#### How to complete this task
An exact copy of the listing below is the answer, with the pictures removed.

#### Given material
= = = =
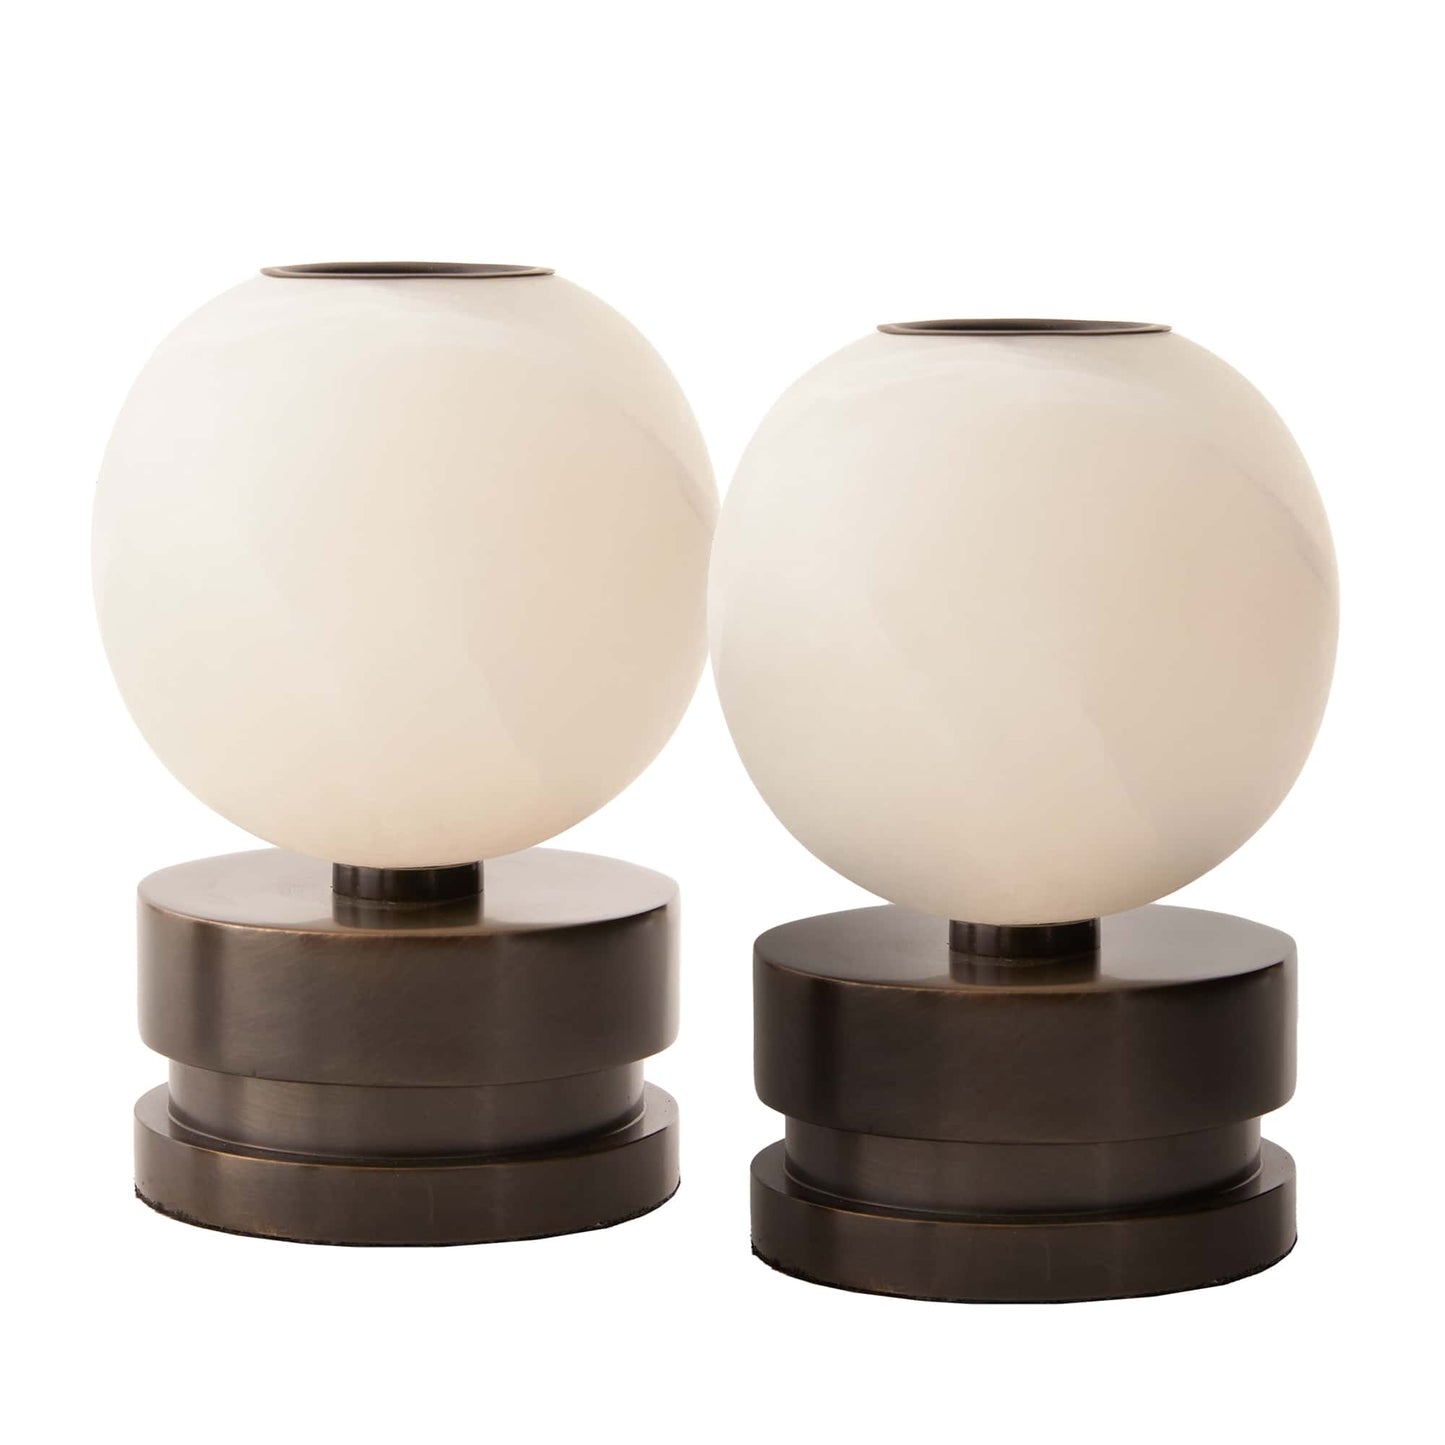 Pluto Candleholders Set of 2 - Modern Chic Candle Holders - Indoor Décor Essentials
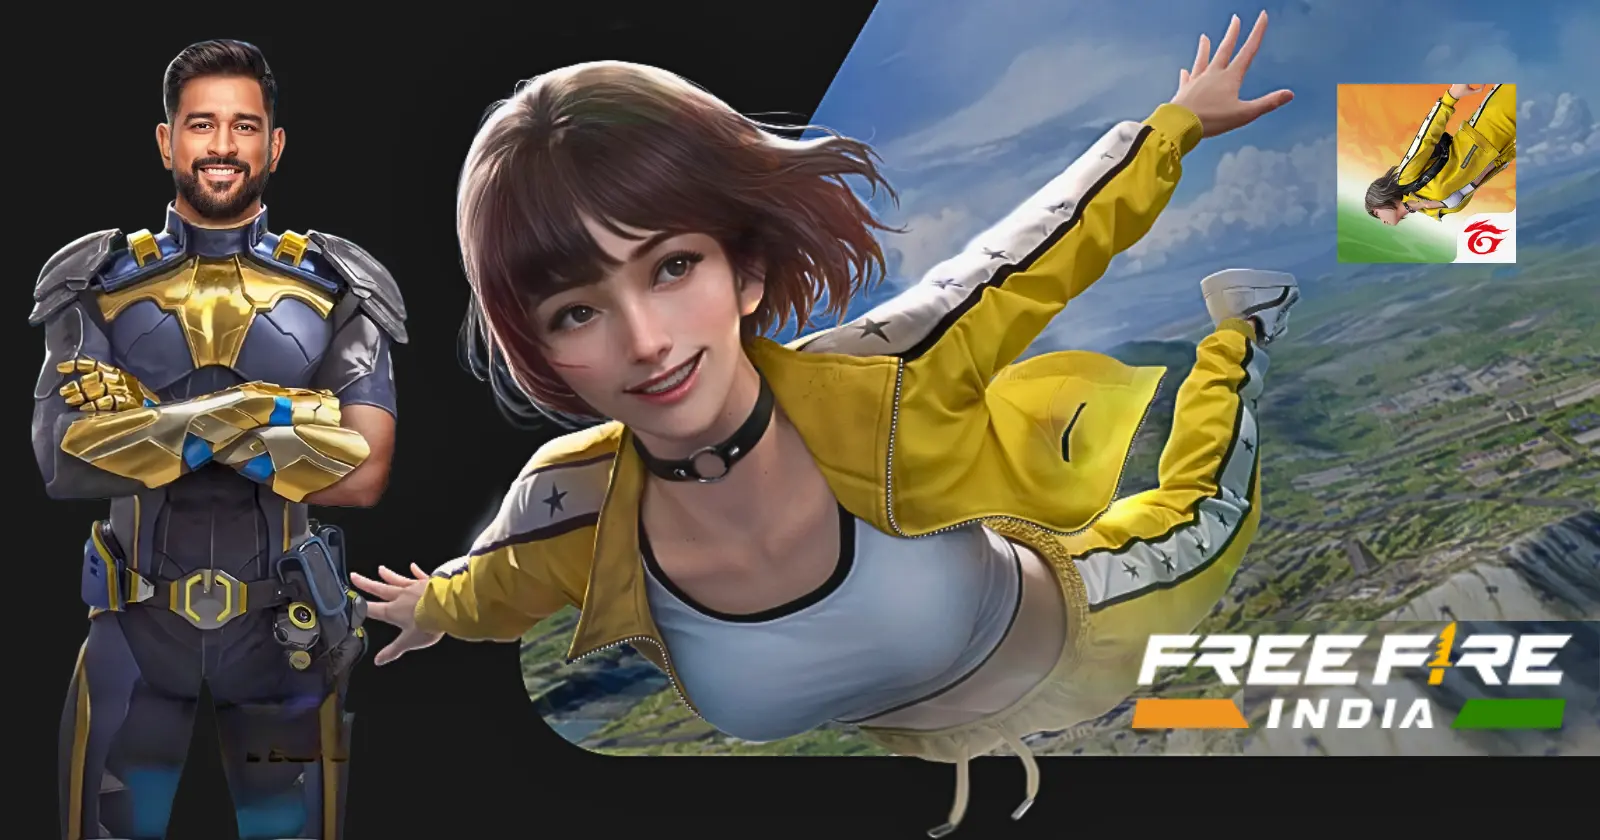 Free Fire India features two characters thala and kelly, one in a tactical suit and another skydiving, and a game logo.
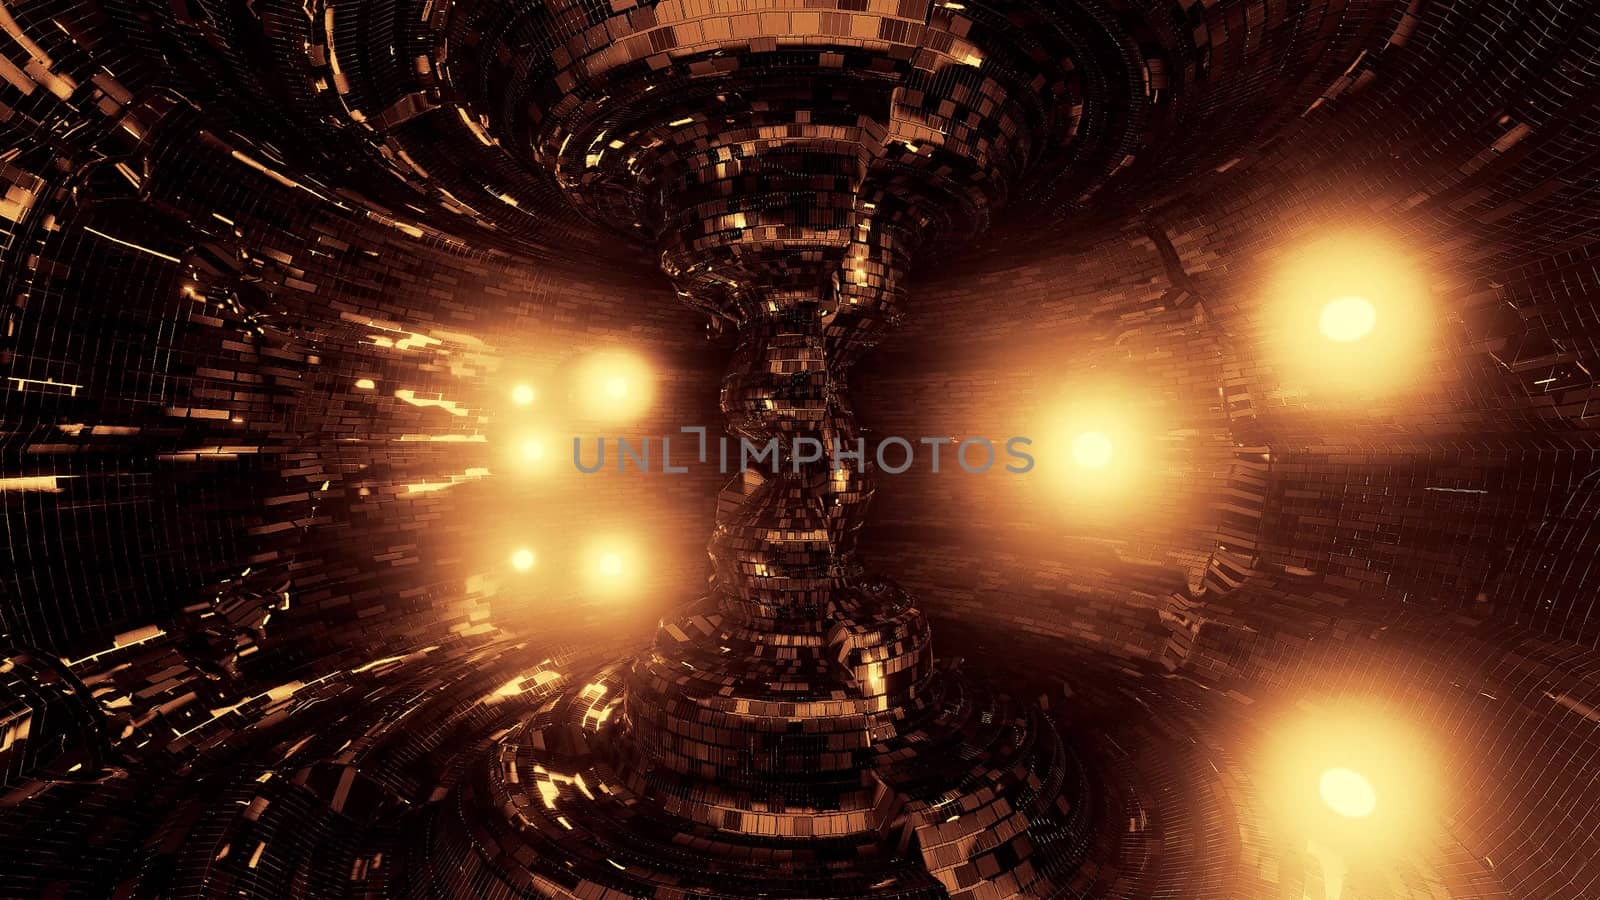 abstract nuclear reactor with glowing atom parrticles and nice reflections 3d illustration background wallpaper by tunnelmotions
= = = =
#### Result for this task
 Pluto Candleholders Set of 2 - Modern Chic Candle Holders - Indoor Décor Essentials
 Free Fire India features two characters thala and kelly, one in a tactical suit and another skydiving, and a game logo.
 abstract nuclear reactor with glowing atom parrticles and nice reflections 3d illustration background wallpaper by tunnelmotions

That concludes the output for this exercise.